CEDAR FALLS, Iowa-- The foundry industry often uses sand binders as molds for metal casting despite the harmful emissions they produce. The University of Northern Iowa's Center for Advanced Bio-based Binders (CABB) has been working to develop innovative binders made from renewable agricultural feedstocks, which significantly reduce pollution.
According to Jerry Thiel, director of UNI's Metal Casting Center, CABB works to develop polymers (natural or synthetic materials such as plastics) based on agricultural or natural materials as opposed to those based on oil. "The ultimate goal of CABB is to reduce the United State's dependence on foreign oil by offering bio-alternatives," said Thiel.
CABB has had success using corn to create polymers, which has a very low environmental impact and greatly reduces green house emissions.

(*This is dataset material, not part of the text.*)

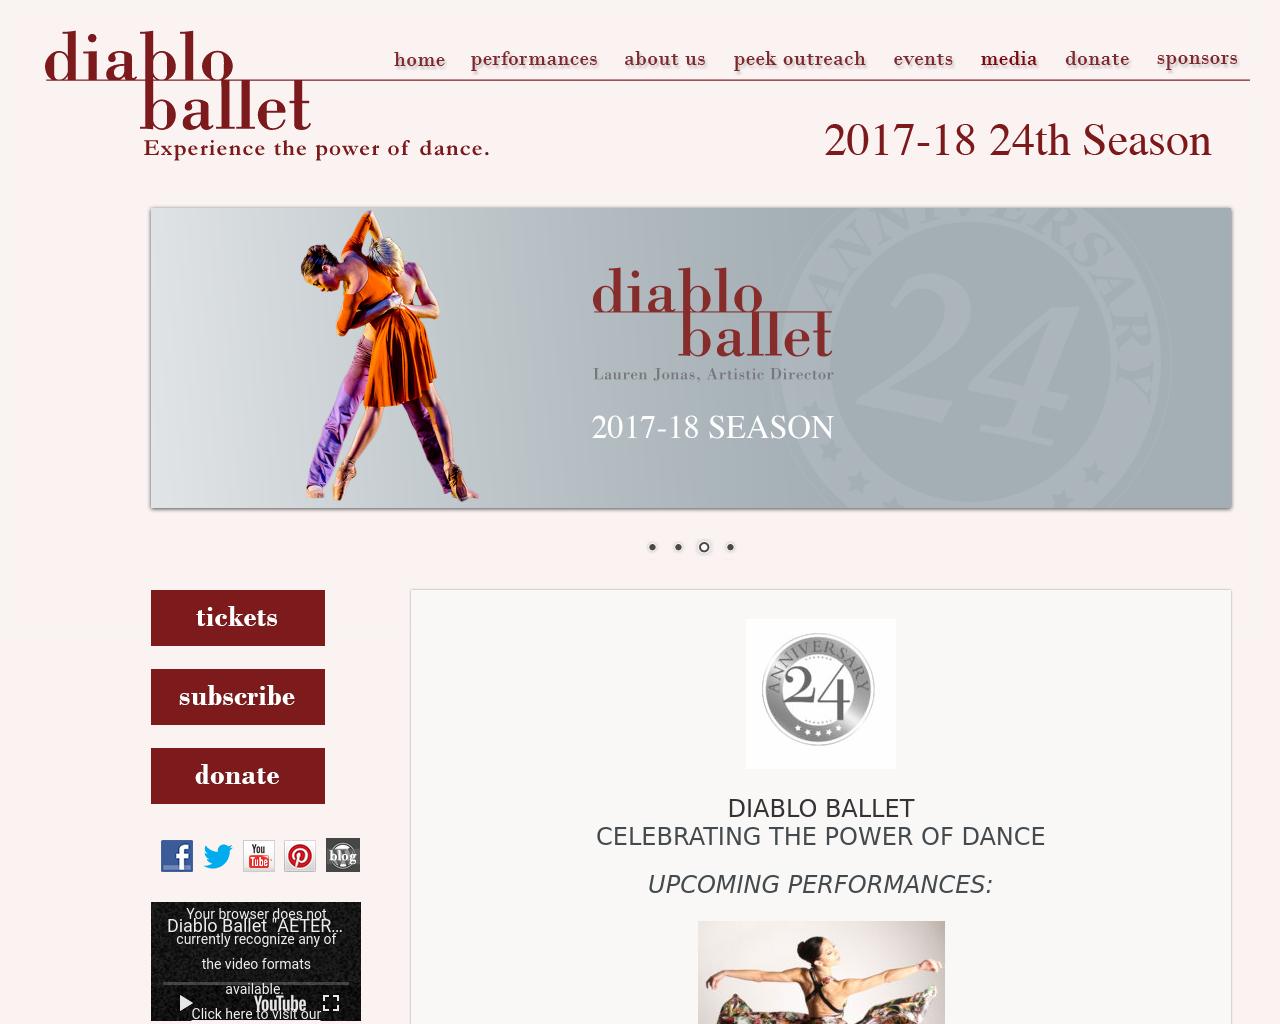 Diablo-Ballet-Advertising-Reviews-Pricing

In addition to the environmental advantages of bio-based binders, the foundry industry also benefits from having more effective and lower-cost products. Additionally, bio-based binders provide a new market for agricultural materials.
Scott Giese, associate professor of industrial technology at UNI said the CABB program also offers practical hands-on experience for students. "The CABB initiatives support the academic components of the manufacturing technology program at UNI and provide experiential learning opportunities for undergraduate students," said Giese. "We currently have about 10 students working for the CABB."
The UNI Metal Casting Center is a nationally recognized leader in foundry research, applied technology and technical business assistance. Funding for the center comes from the state and federal government along with contract research from private industry.